# [INFORMATION SUPPLIED]

+ + + + + + +

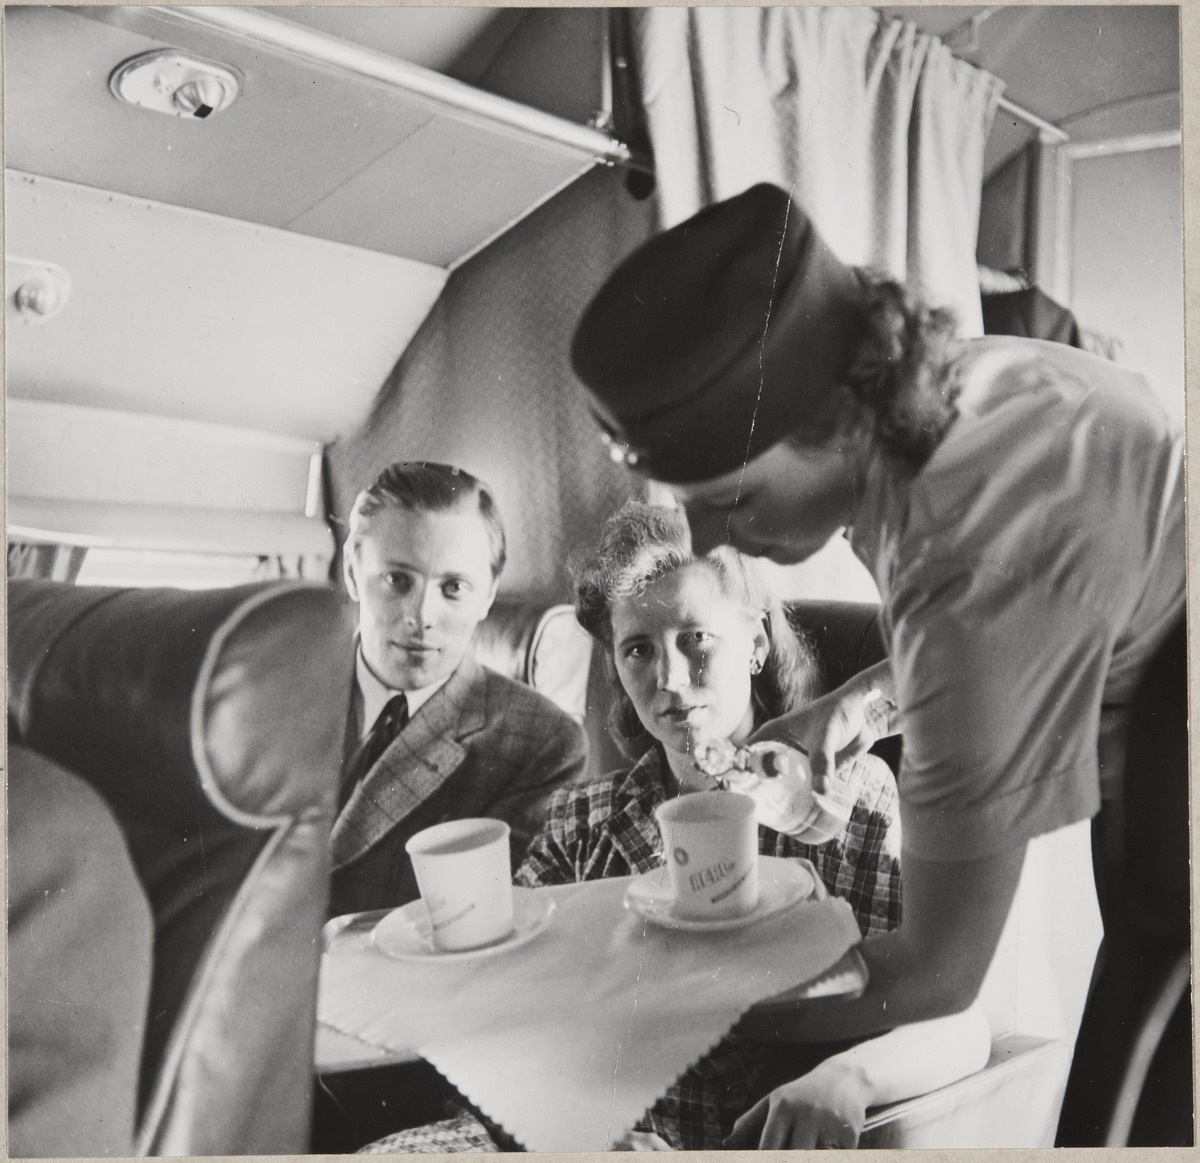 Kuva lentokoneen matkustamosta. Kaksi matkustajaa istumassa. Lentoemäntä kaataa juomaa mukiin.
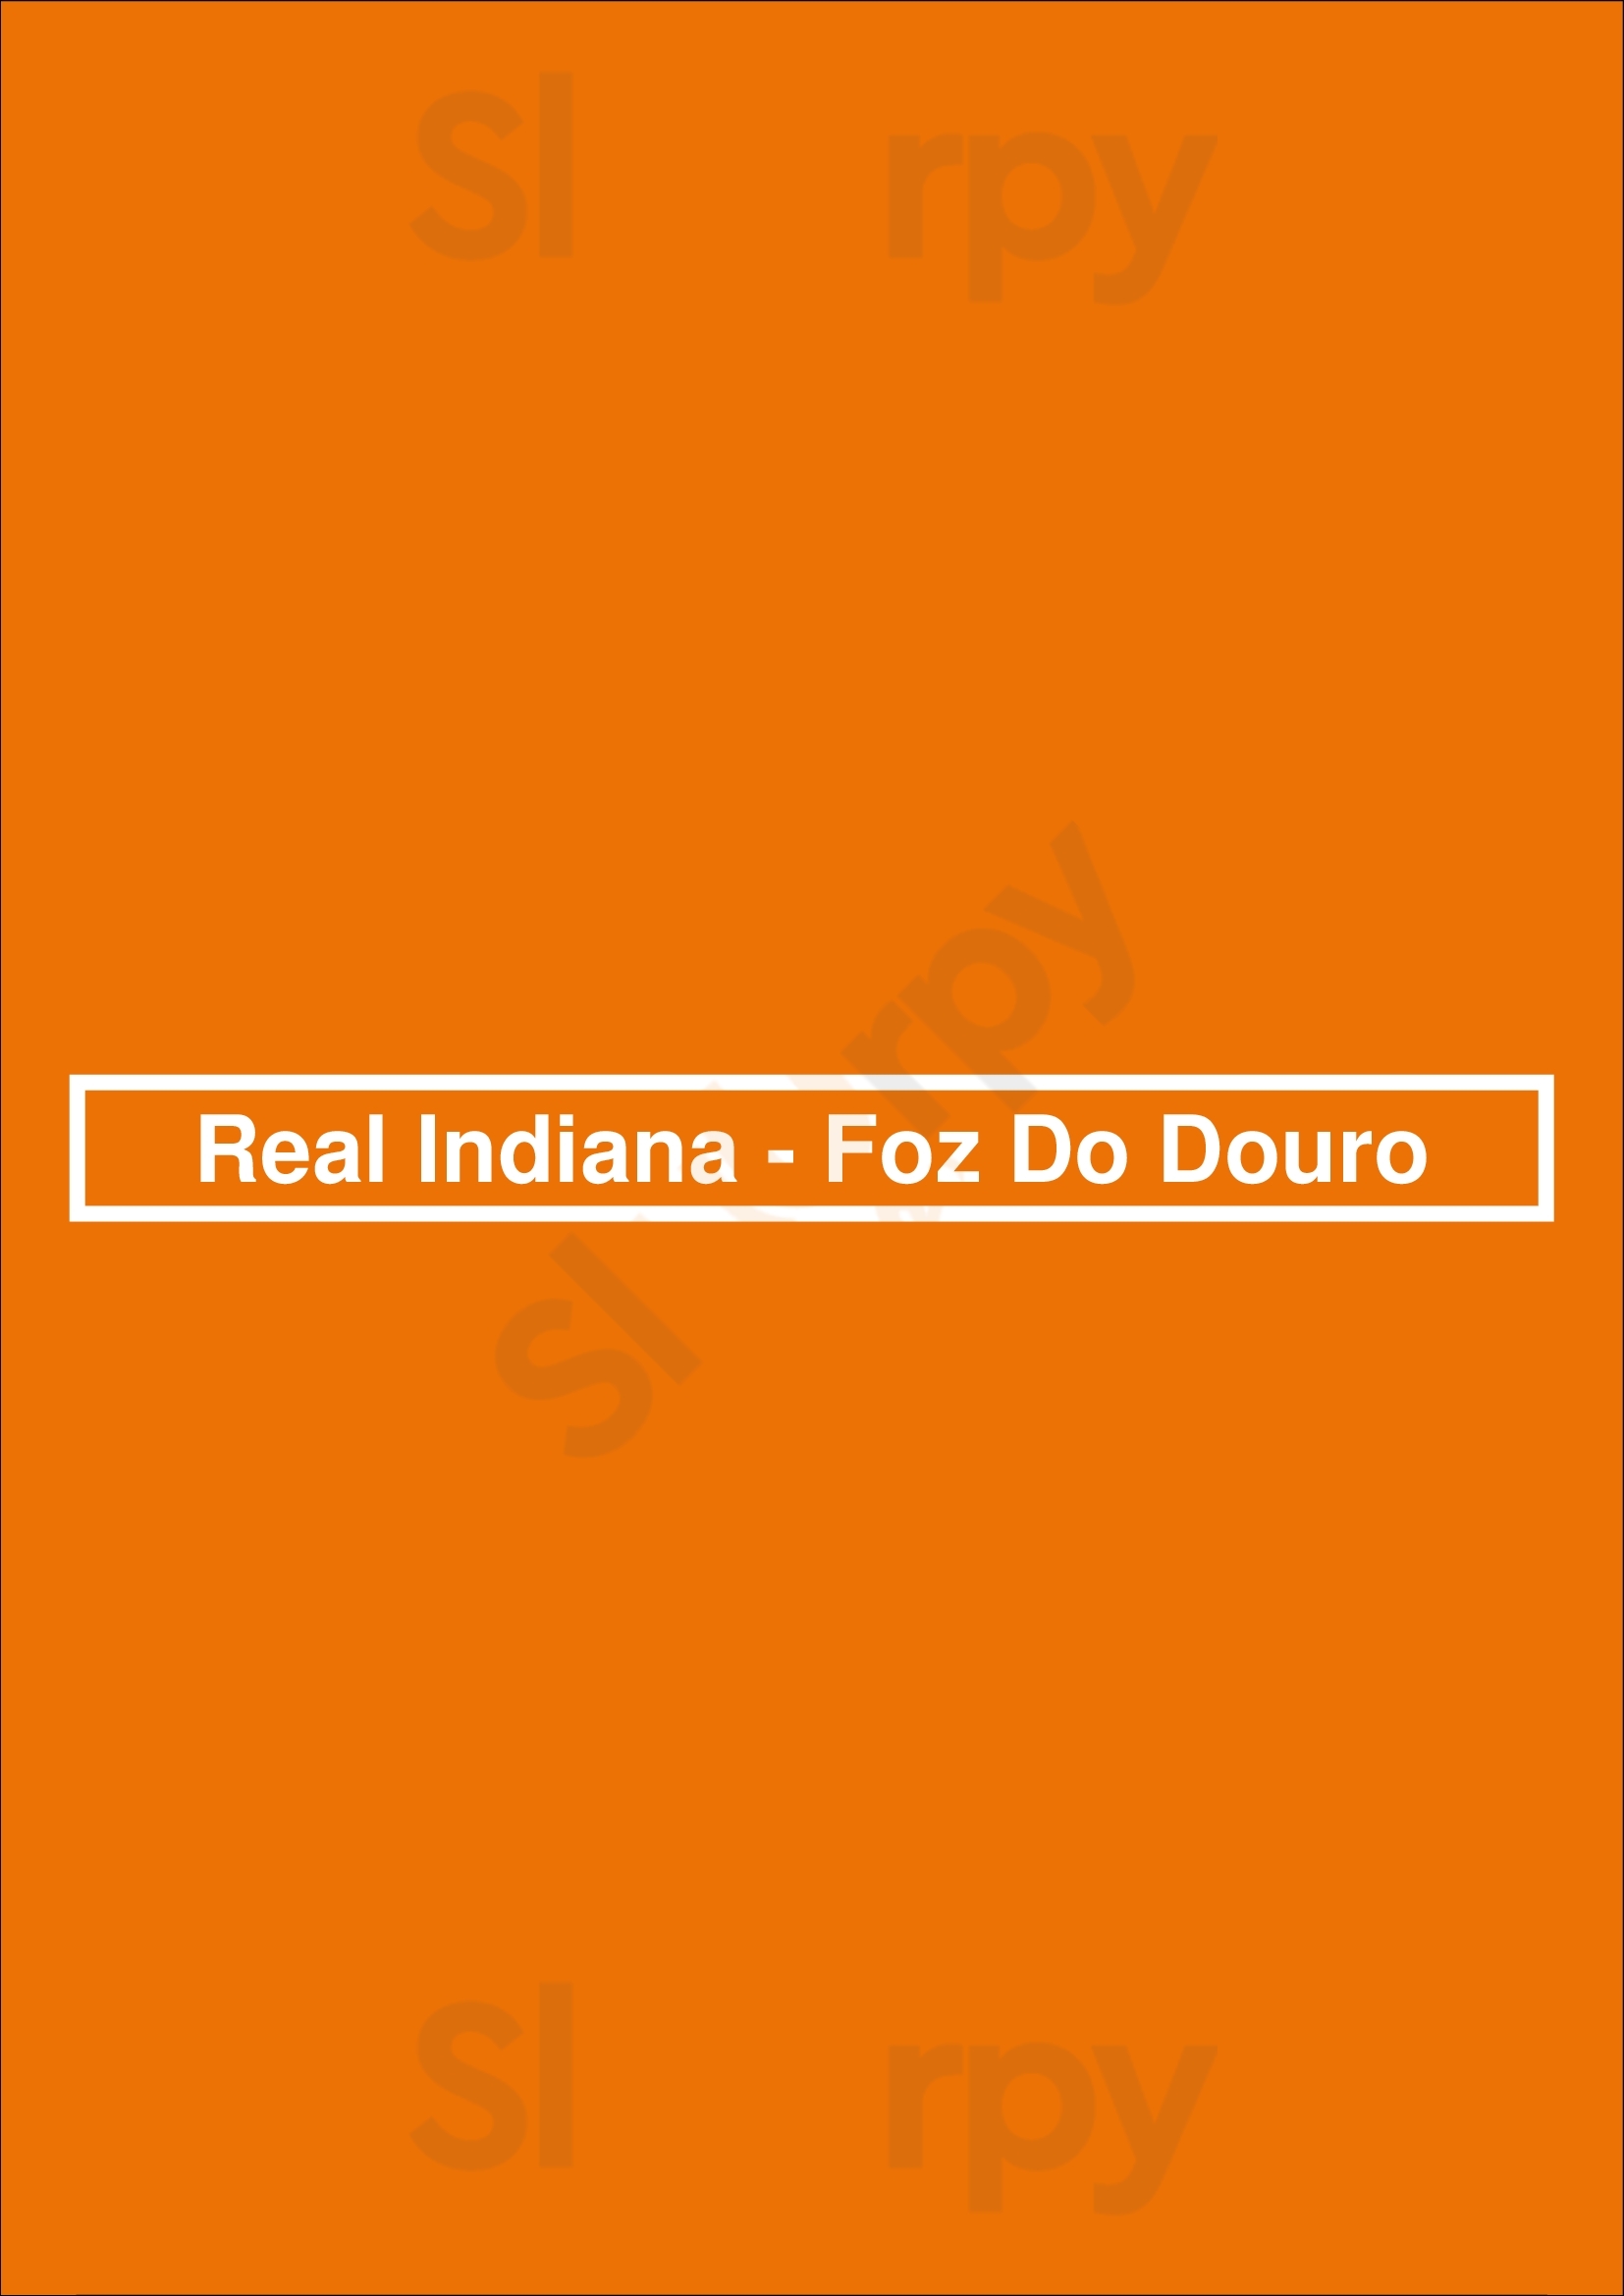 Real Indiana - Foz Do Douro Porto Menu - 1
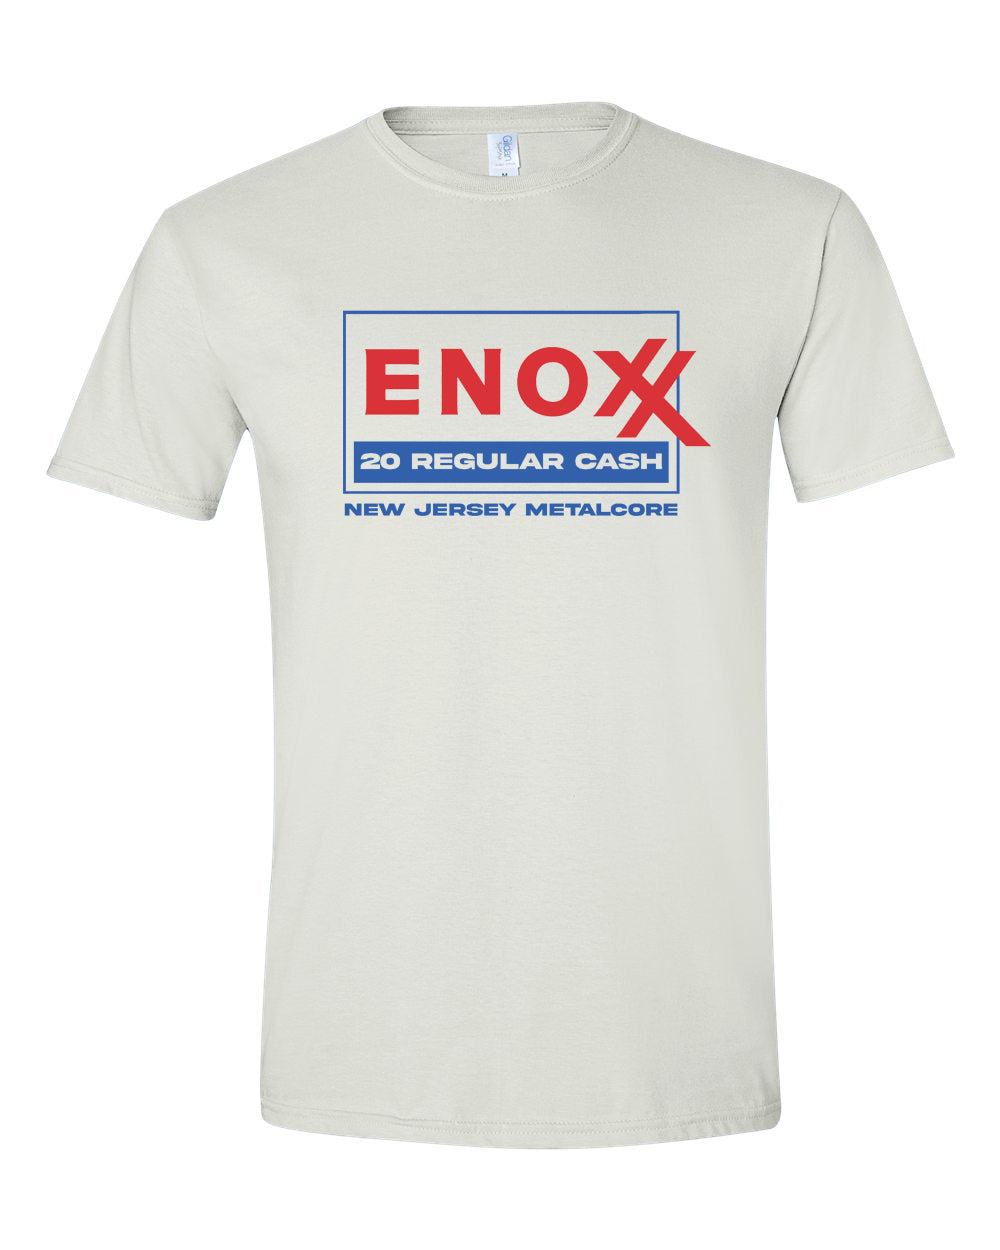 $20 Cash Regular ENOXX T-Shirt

+ + + + + + +

What you write must match, line for line, the lines from the one with "Real Indiana - Foz Do Douro Porto Menu - 1" through the last line of the data above, minus the pictures.

# [OUTPUT BELOW]
 Real Indiana - Foz Do Douro Porto Menu - 1
 $20 Cash Regular ENOXX T-Shirt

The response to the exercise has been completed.